The R&D 100 Award-winning thermoplastic resin system technology was developed with partner Arkema Inc. at the Composites Manufacturing Education and Technology (CoMET) Facility.

The vast majority of wind turbine blades in the United States ultimately end up in landfills at the end of their life, posing both environmental challenges and financial losses because of the lack of recovery of materials. And as wind energy continues to expand, so, too, will the pile of decommissioned blades left in its wake.

A truly sustainable, cost-effective, renewable energy revolution is now within reach, thanks to NREL's groundbreaking thermoplastic resin research for wind turbine blades. Our extraordinary technology will disrupt the wind energy industry's turbine manufacturing process, potentially enabling recyclable blades that no longer end their usefulness in a landfill.

Thermoplastic resins, combined with thermal welding techniques pioneered by NREL and partners, offer the potential for stronger, less expensive, and longer wind turbine blades, increasing energy capture, decreasing energy and transportation costs, and increasing blade reliability—critical to advancing the wind energy market.

These saltwater-safe thermoplastic blades also prime the marine energy industry for success, providing this emerging field with the durable, cost-effective materials on which to set sail.

Tapping into a wealth of fundamental wind energy science research, development, and validation activities and collaborations with industry partners, such as General Electric and TPI Composites Inc, NREL and Arkema Inc. have developed a game-changing, disruptive innovation to resolve tomorrow's wind industry challenges—the thermoplastic resin system for wind turbine blades.

Thermoplastics have the potential to revolutionize the wind energy industry, introducing a new era of next-generation materials, fabrication, testing, and welding techniques. Arkema's Elium resin is a two-part liquid reactive thermoplastic that blends together the advantages of thermoset and thermoplastic resins.

No Need for New Tools or Manufacturing Equipment.

Elium thermoplastic resins can serve as a drop-in replacement for epoxy.

No More Blade Burials.

Thermoplastics and thermal welding make recycling a snap.

Endurance Champion.

Improved structural dampening of thermoplastic blades leads to improved fatigue performance and turbine longevity.

Until just a few years ago, there had only been small-scale demonstrations of this exciting, new material. Our team quantified and demonstrated how thermoplastic blades developed with Arkema's Elium thermoplastic resin, in conjunction with thermal welding, can be potentially recycled at their end of life, reducing the time, cost, and energy involved in manufacturing.

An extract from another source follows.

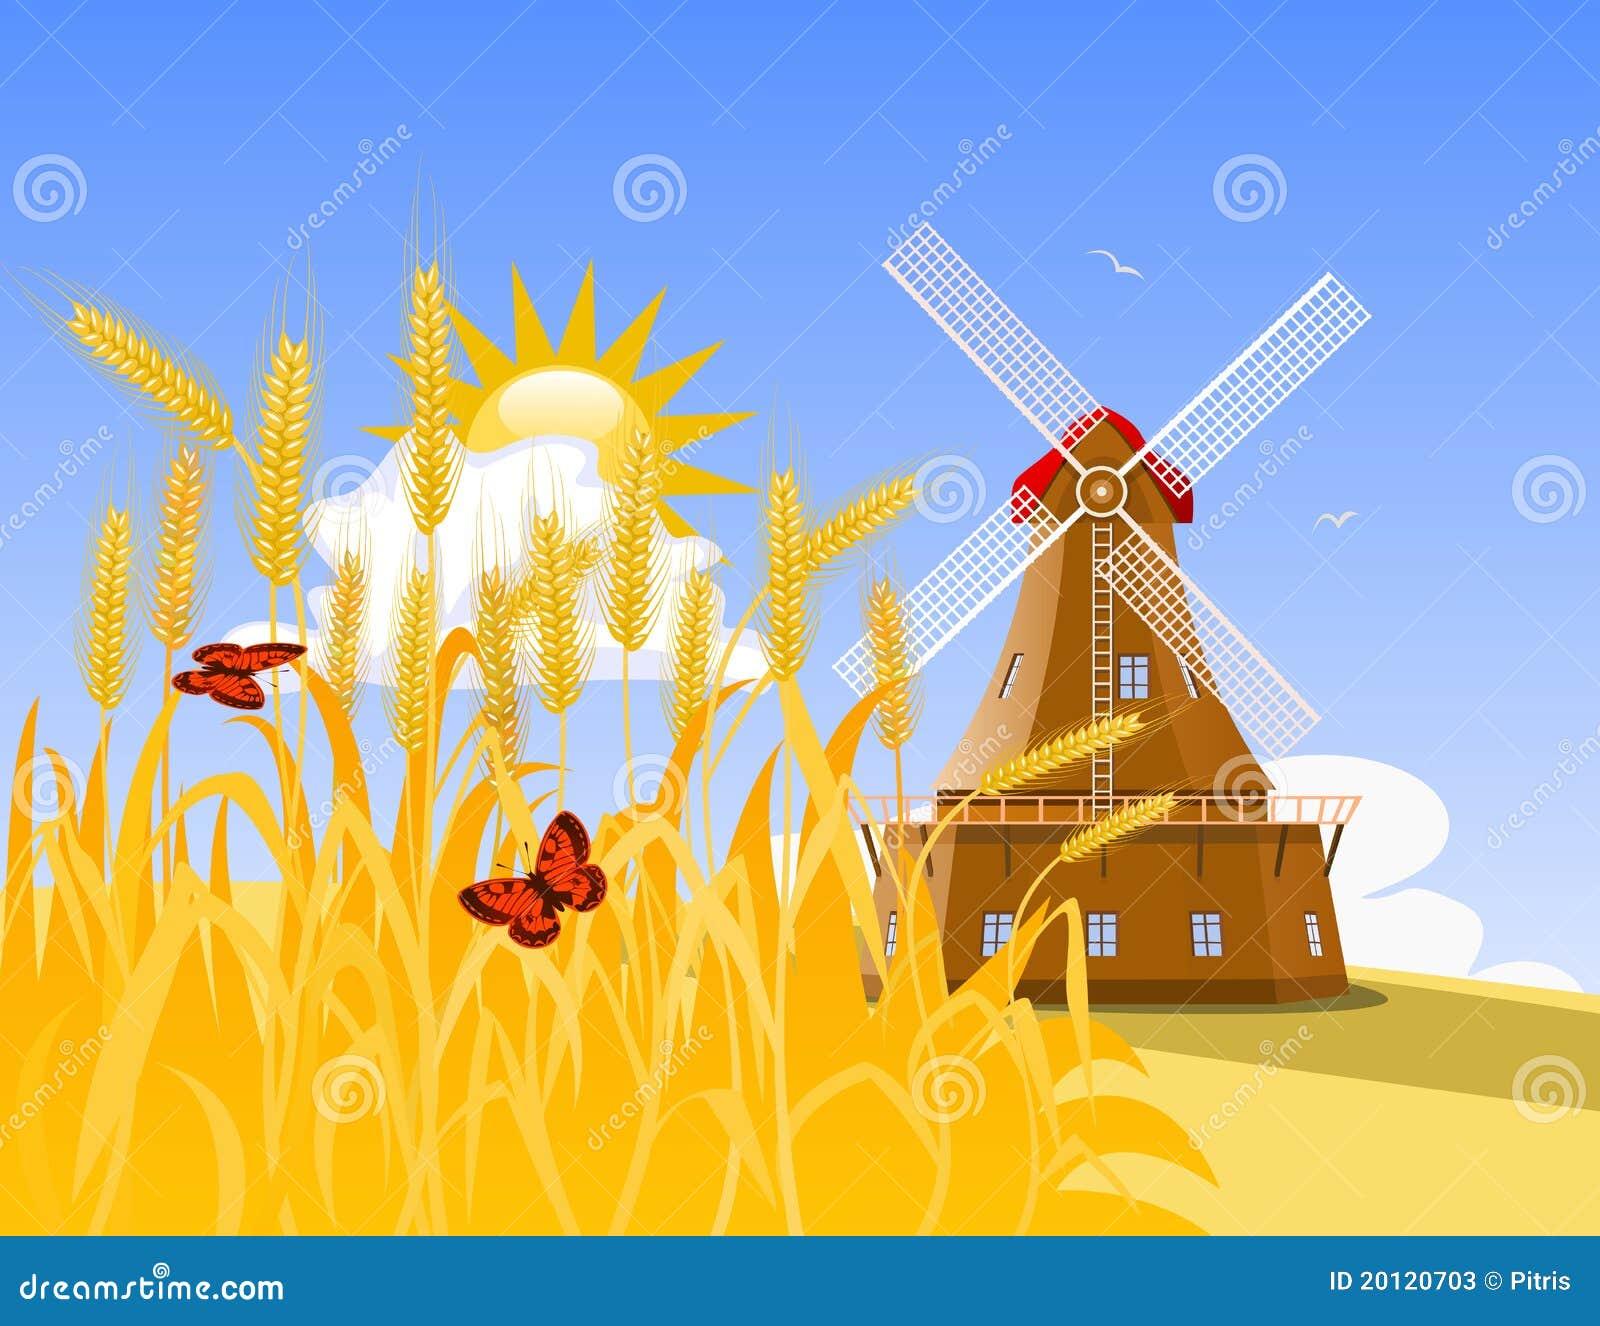 Image gallery molinos de trigo - Molino de trigo ...

Photos of blade section manufacturing: balsa core and spar cap (left), second layer of fiberglass and flow media (center), and the finished product (right). Photos by Ryan Beach, NREL

To test this groundbreaking thermoplastic system, NREL researchers first constructed a 9-m turbine blade to demonstrate manufacturability and then a 13-m blade that they put to the test, validating the blade for strength and other performance characteristics.

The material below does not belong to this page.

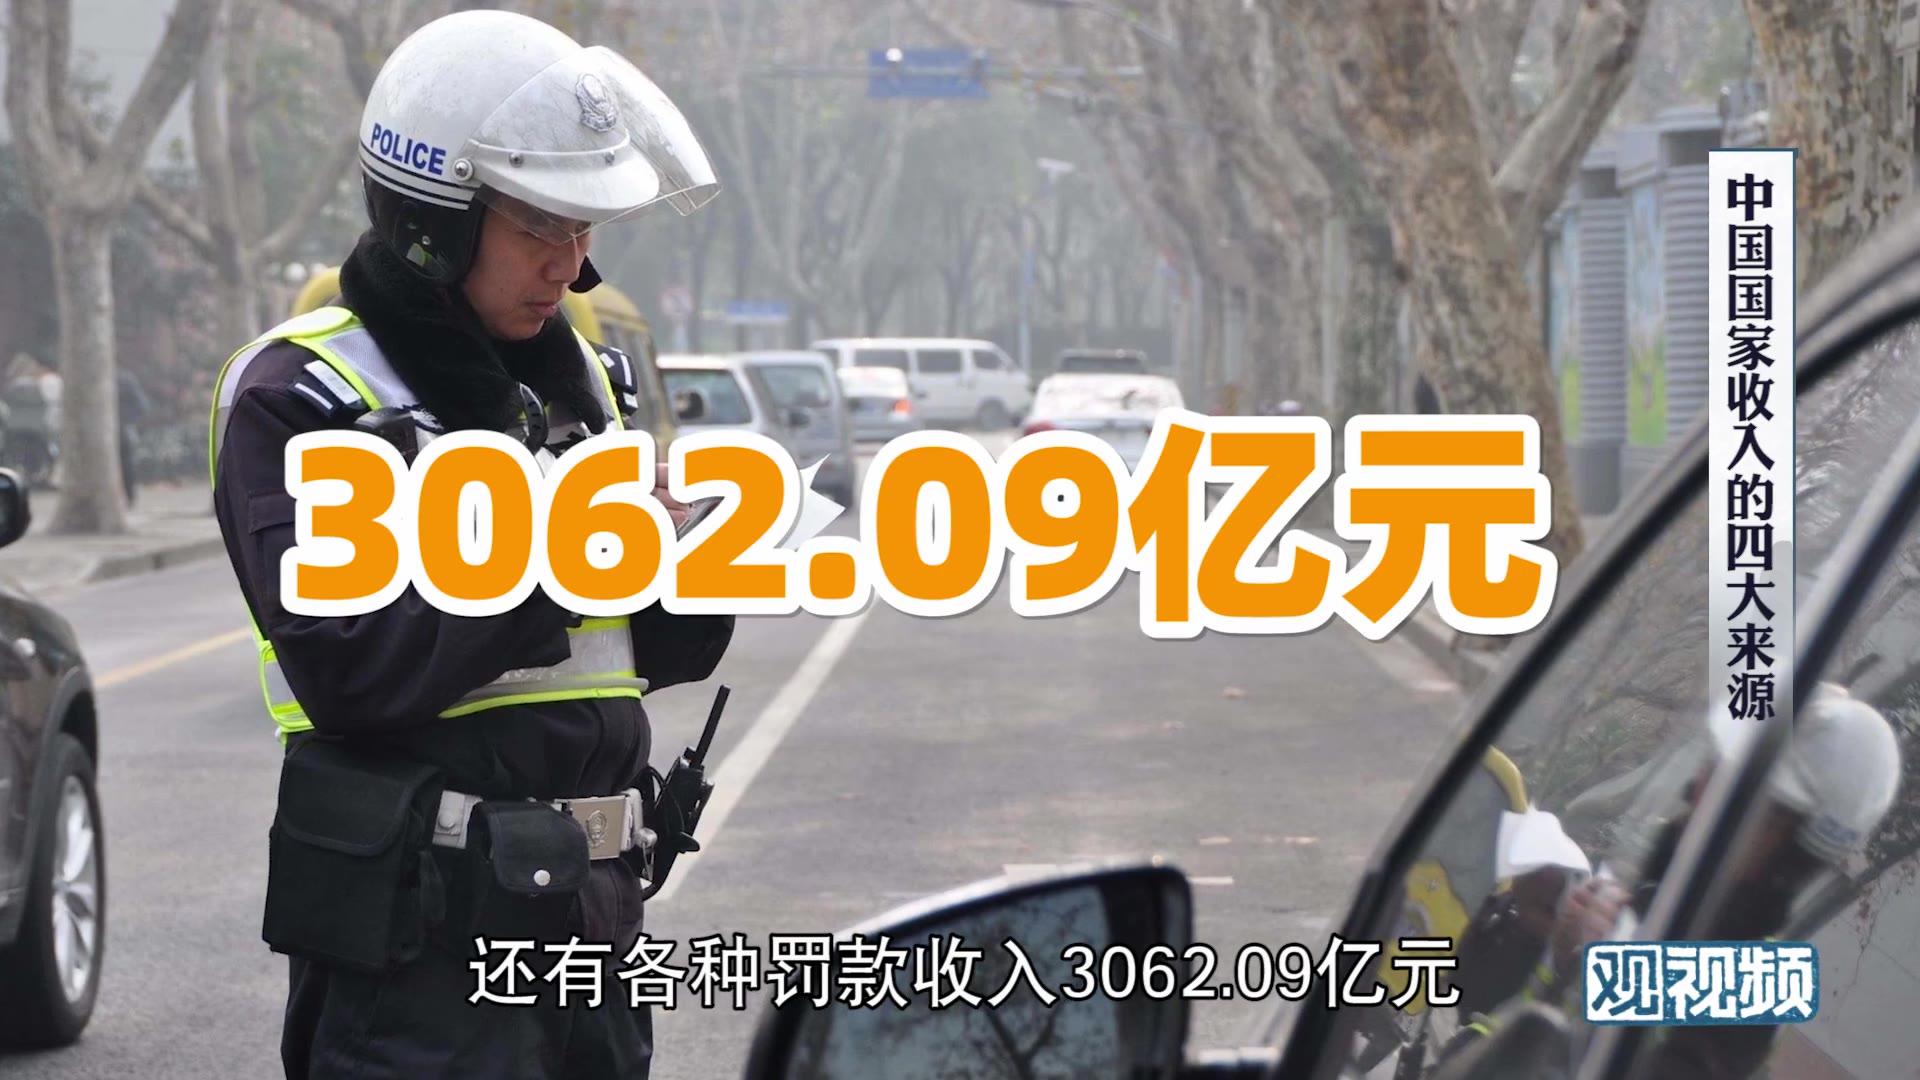 宁南山:中国造航母,钱是哪来的?多亏了烟民股民和学渣

The 9-m wind blade, produced at NREL's CoMET facility, exhibited impressive results, such as reduced equipment costs and cycle time.

Building a 13-m thermoplastic blade at NREL's CoMET facility. Photo by Ryan Beach, NREL

The team then built a 13-m blade, employing the cutting-edge structural validation laboratories at the Flatirons Campus to test it.

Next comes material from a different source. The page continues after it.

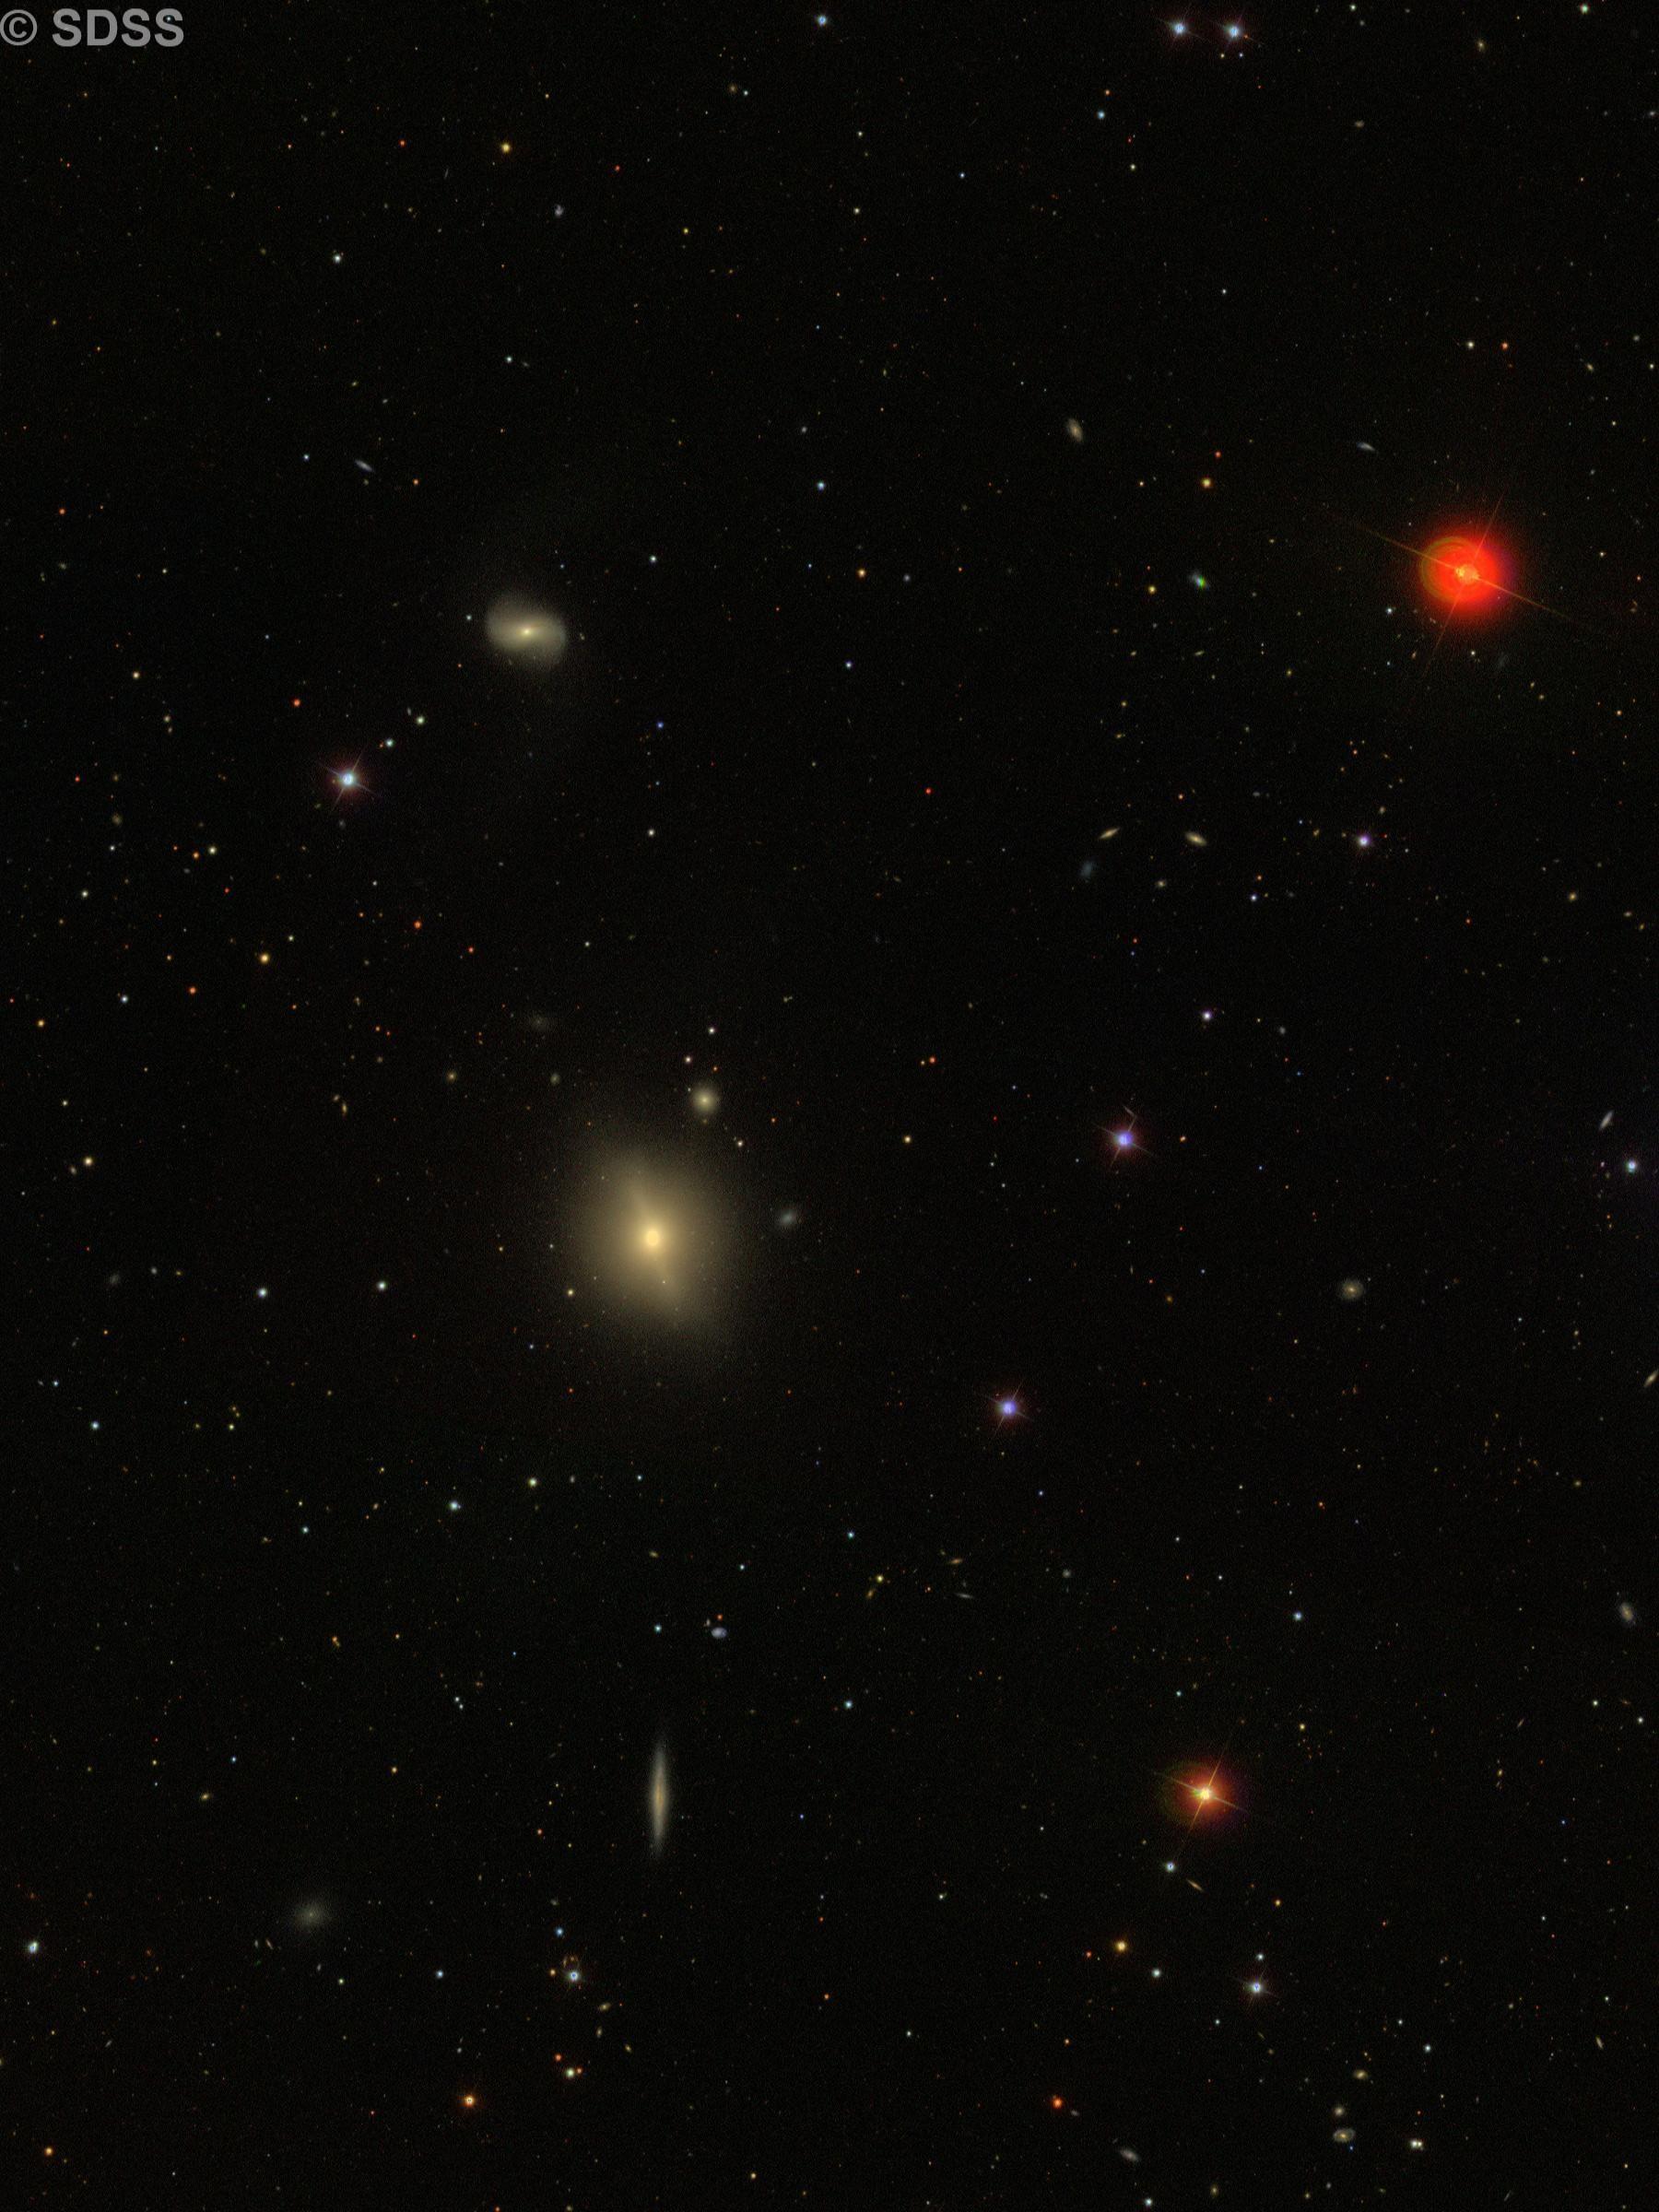 NGC 3414 & NGC 3418  (NGC 3414 = Arp 162)

It found that the thermoplastic blade had similar stiffness to an epoxy blade. It simulated 20 years of use on the blade to evaluate durability. The Elium thermoplastic blade exhibited five to seven times higher levels of structural damping than the epoxy blade. These findings suggest that by employing thermoplastic blades, we can also expand the life span of the entire turbine.

In it for the long haul: NREL simulated 20 years of use of the thermoplastic blade to ensure durability. Photo by Ryan Beach, NREL

These next-generation thermoplastic blades build off the successes of the business-as-usual epoxy blades and transform them into an environmentally friendly, cost-effective blade of the future. The researchers found that the process and material demonstrated potential for:

NREL's thermal welding technique—coupled with Arkema's resin system—earned a 2020 Special Recognition Award from R&D 100 for being a "market disrupting" technology. Watch the video to learn more about this game-changing wind and waterpower innovation.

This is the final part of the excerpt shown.